Many steel bridges in the United States designed before the mid-1980s are highly susceptible to distortion-induced fatigue cracking. This vulnerability is substantially increased if the out-of-plane driving force caused by differential girder displacement is increased for any reason. This research examines one such case where a double-deck bridge complex, originally built in the 1960s, was retrofitted to improve seismic performance. As part of the retrofit, single angle K-type diaphragms were replaced with stiffer double-angle cross-type diaphragms. This seismic retrofit led to an increase in web-gap stresses, and within approximately one year following the retrofit, inspectors identified numerous fatigue cracks in the web of longitudinal girders where connection plates terminate near top flanges. A repair measure was implemented to provide a positive connection between the connection plate and the girder flange. The purpose was to reduce the high stress concentrations in the web-gap region by restricting the out-of-plane distortion in the web-gap region. Field tests were carried out in addition to developing finite element (FE) models to investigate the efficacy of the repair technique. The results confirmed a significant decrease in the web-gap stress after implementation of the repair, and a subsequent FE analysis showed that the new load path through the repair angle section did not introduce a new fatigue sensitive area. In fact, the repair resulted in stresses well below the constant amplitude fatigue threshold (CAFT) for this type of detail.


Introduction


Most continuous-span double-deck viaducts built in the San Francisco Bay Area during the 1950s and 1960s were damaged during the 1989 Loma Prieta earthquake [1]. The deficiencies in these viaducts led to an immediate review of all double-deck bridge structures in the United States. One particular seismic retrofit project (and the focus of this work) involved a Midwestern double-deck bridge complex with substructure and superstructure elements without adequate capacity based on current seismic criteria [2,3]. A seismic retrofit strategy was adopted based on the criteria described in the FHWA Seismic Retrofitting Manual for Highway Bridges [4]. Almost immediately following completion of the seismic retrofit, horseshoe-shaped cracks were identified in the unstiffened regions (frequently called the web gap) of the longitudinal girders where the original K-type diaphragms were replaced with new, stiffer cross-diaphragms.
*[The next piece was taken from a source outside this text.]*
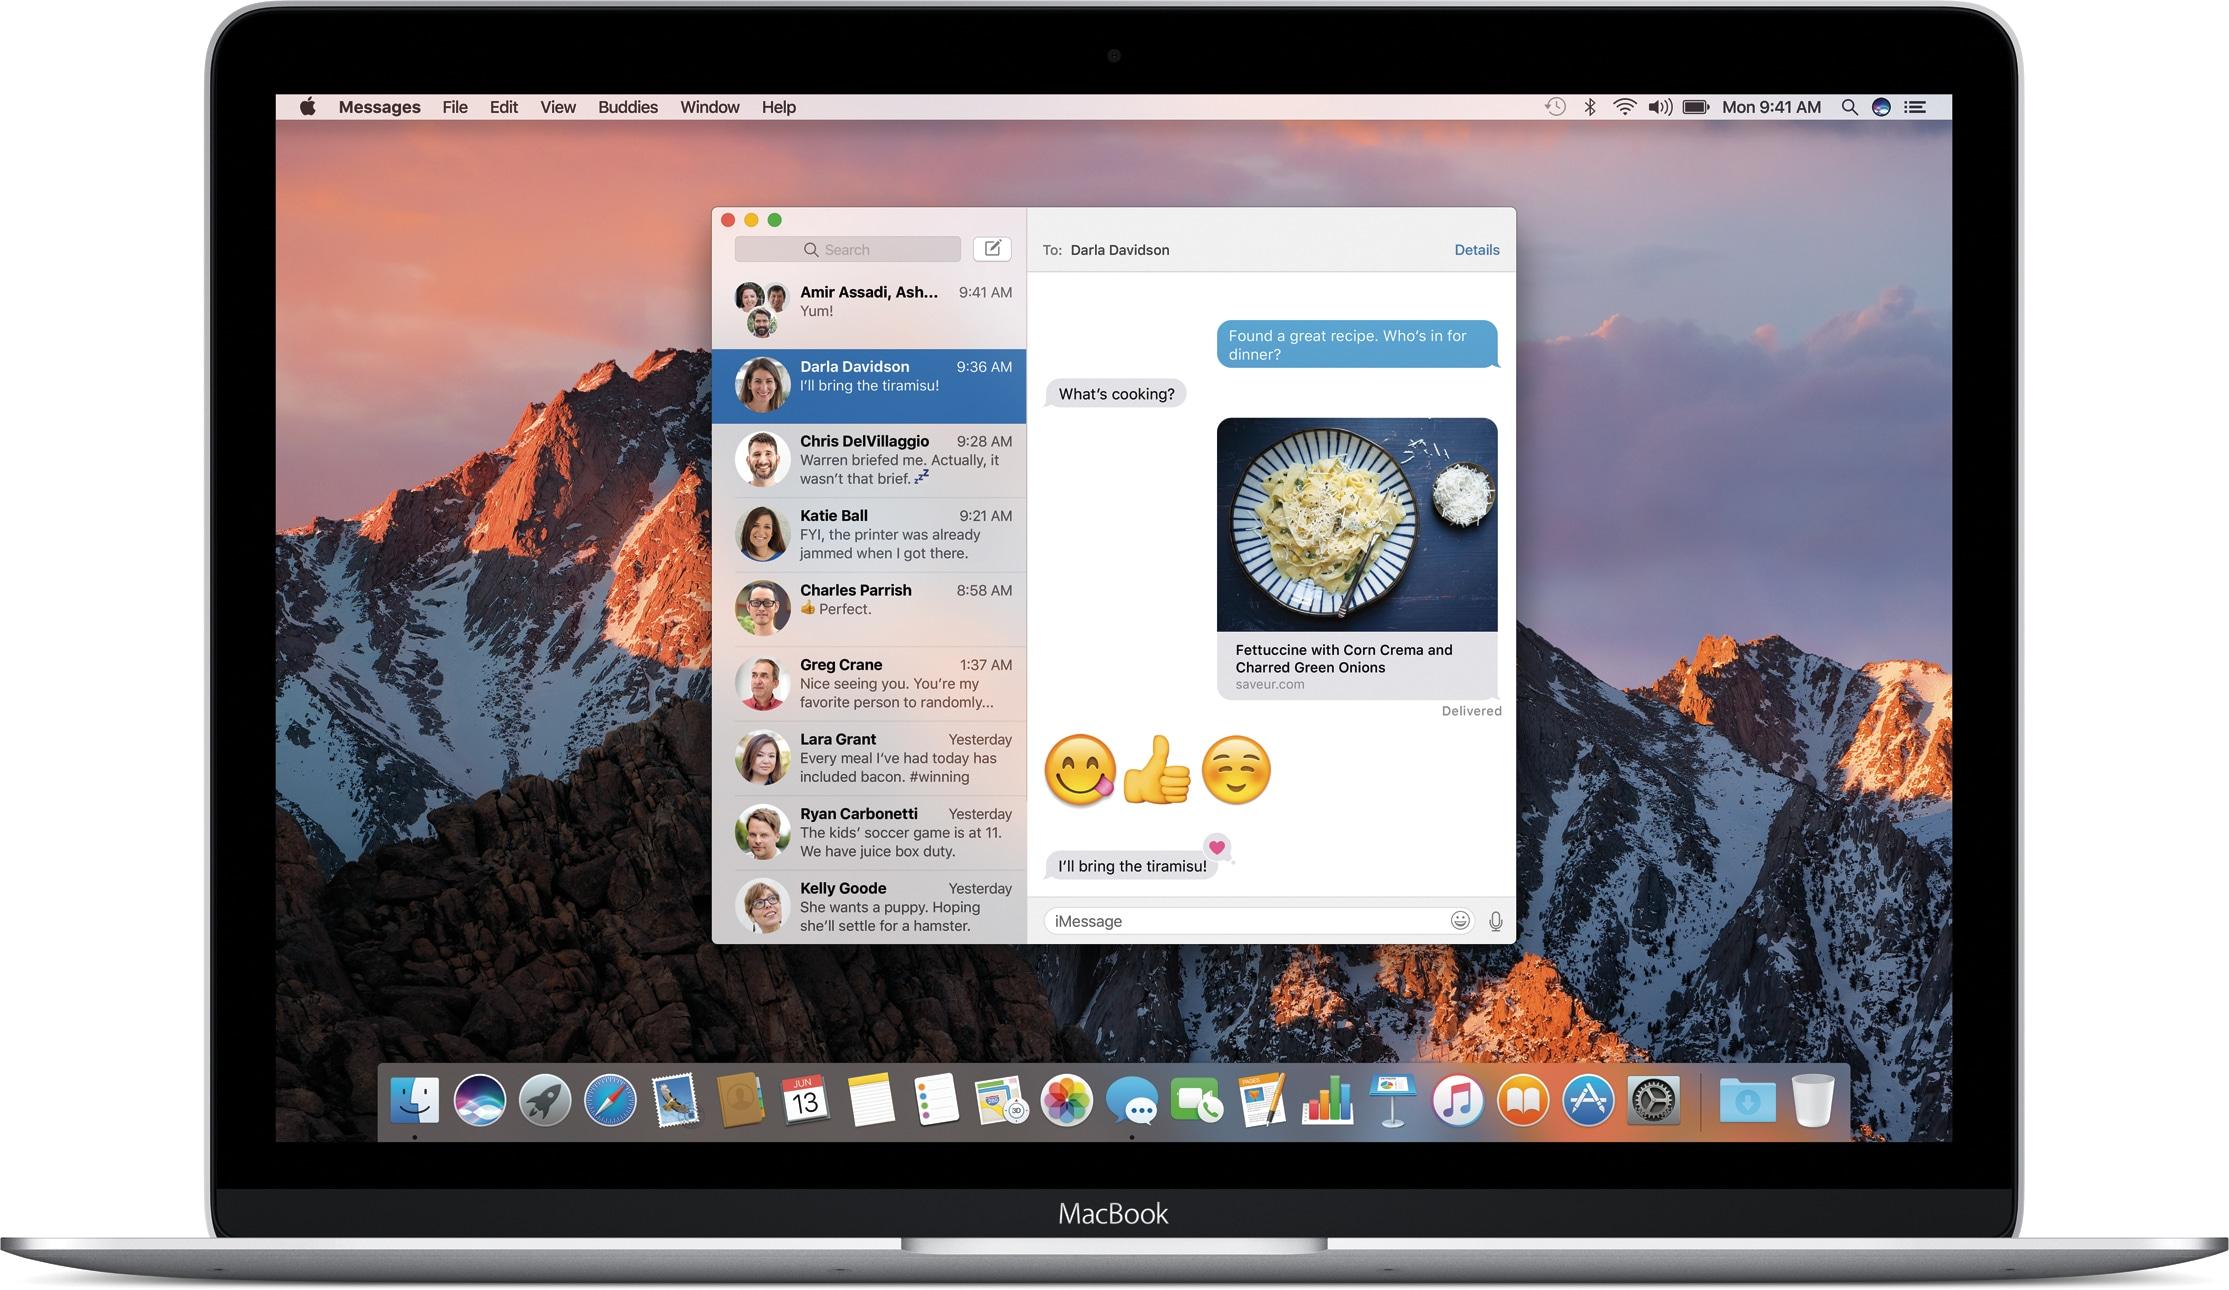 Mensagens do macOS Sierra num MacBook

This problem mostly occurs in bridges built in the United States prior to the mid-1980s when the design specifications required connection plates to have a tight-fit detail at the girder flanges, but not welded [5–7]. Normally, part of the connection plate, attached to plate girders, must be clipped to clear the web-to-flange weld resulting in a soft and short section that is more flexible in the transverse direction than the rest of the girder’s height. This area in the web is known as the web-gap region. Cracks originating in this region are likely the result of secondary stresses resulting from out-of-plane distortion in the unstiffened web-gap region and account for approximately 90% of all fatigue cracking [23]. As a result, a significant number of older bridges have been affected by distortion-induced fatigue cracking in the web-gap region.